Вся кровь прилила к лицу, Катя вздрогнула. В таком тоне подруга с ней еще не разговаривала.
– Маша, моего мужа зовут Вадим, а не Вадик. Для тебя он может и не принц, а меня вполне устраивает. И в отношениях у нас все хорошо, дай бог каждому.
(По крайней мере, с посторонними девицами Вадик замечен не был).
– О господи, я что, тебя обидеть хотела, что ли? Конечно, все у вас хорошо, еще бы было не хорошо, ты же у нас красотка! Я просто знаю, что такие как ты, от природы красивые, потом расслабляются, а возраст – он берет свое. Тебе двадцать, а мне двадцать четыре, и я уже вижу у себя кое-какие изменения и делаю кое-какие процедуры. Сейчас тебе еще рано, но главное – не упустить момент. Иначе потом сложнее будет. Я тебя запишу к своему косметологу, профилактика – наше все.
– Да не обижаюсь я. Я знаю, ты мне добра желаешь. Если бы не ты и твои советы, чтобы я здесь делала одна. Ты меня, можно сказать, в люди вывела.
(Как же, черта с два. Нервы свои вымещает перед операцией. Над прислугой своей издевайся, стерва. Все-таки порой Машка бывает невыносима. Жаль, что других подруг у Кати здесь нет).
– Ладно, ты на меня сегодня не обращай внимания. Нервничаю, вот и несу всякое… Страшно мне, Кать. Я таких ужасов про наркоз начиталась, что кровь стынет. И про галлюцинации, и про то, что будешь все чувствовать, а пошевелиться не сможешь. Вот честно, не была бы такой страшной, забила бы на все. Боюсь я, спать не могу, кошмары снятся, что я лежу парализованная, а мне нос отрезают… Быстрей бы это все уже произошло, и закончилось. Никогда в больнице не лежала, здоровая как лошадь, и вот приходится…
– Да, общий наркоз – это стремно. Я когда беременная ходила, так боялась, что придется кесарево делать. Так может не надо? Маш, может тебе прическу поменять? Челку там выстричь, лицо совсем по-другому смотрелось бы.

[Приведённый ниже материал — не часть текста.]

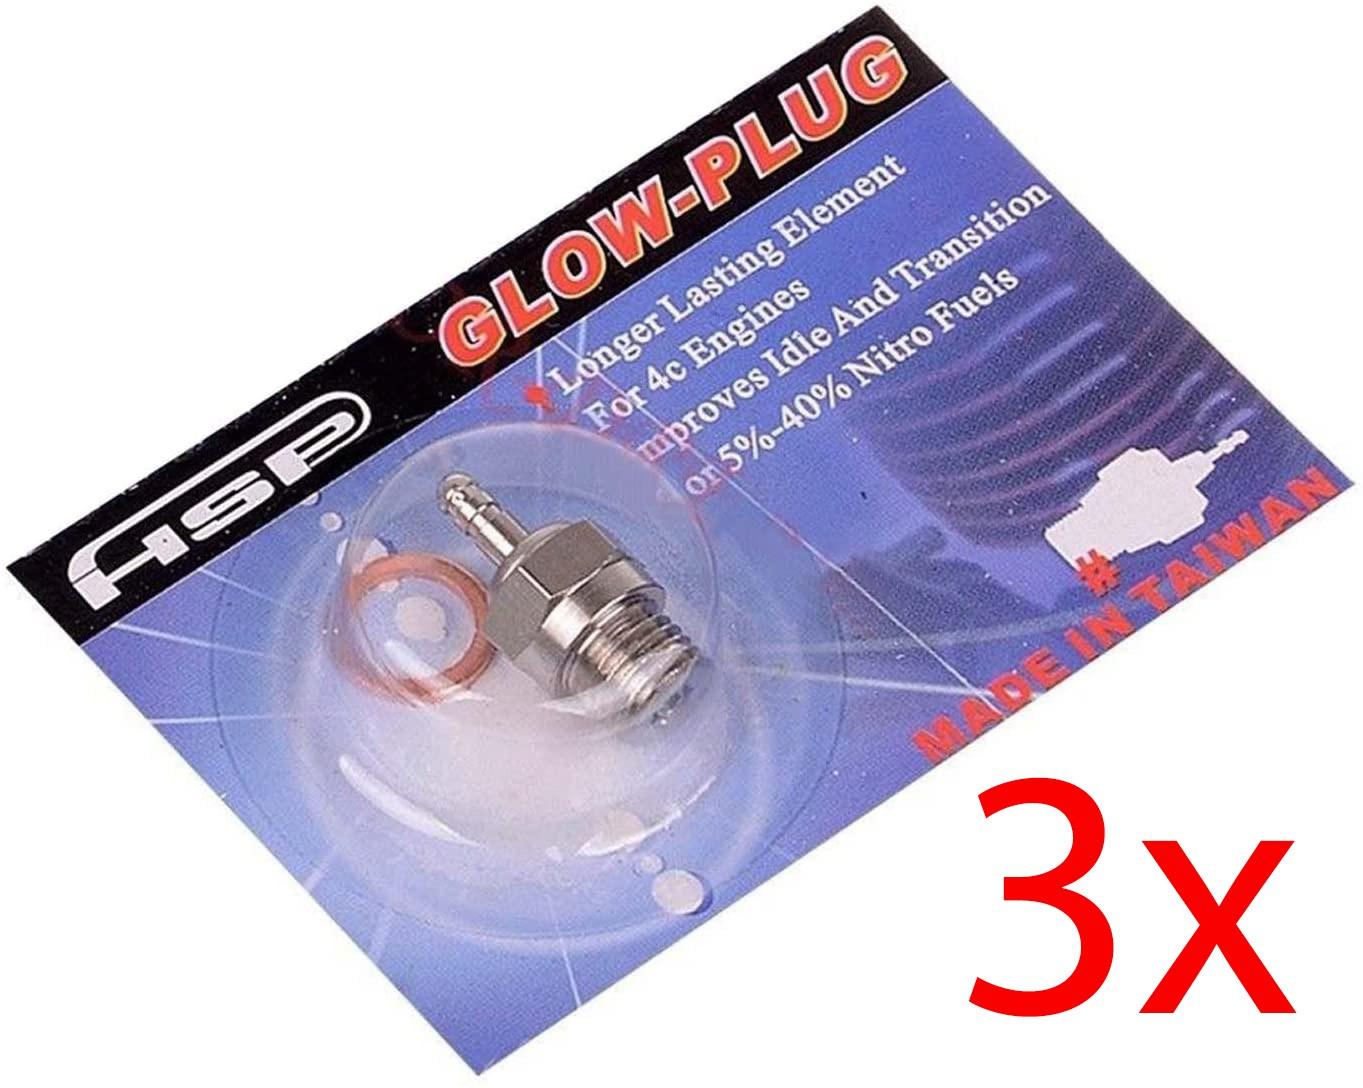 3x Vela Glow Plug Hsp N3 Hot / Quente

– Да не хочу я всю жизнь за волосами прятаться! Я, может, хочу – волосы наверх и зализать. Косички заплести. Достало все время с этими шторами ходить, чтоб хоть как-то внимание от носа отвлечь. Устала я от них. Чужие волосы, на голове тяжесть. Только без них я вообще страшная.
– Маша, ты не страшная, ты своеобразная просто. Ну не могут же все быть одинаковыми, как куклы. У тебя свои сильные стороны. Они все на одно лицо, а ты вон какая, ни на кого не похожая.
(Волосы это конечно что-то с чем-то. Ну так в глаза бросается, что не свои).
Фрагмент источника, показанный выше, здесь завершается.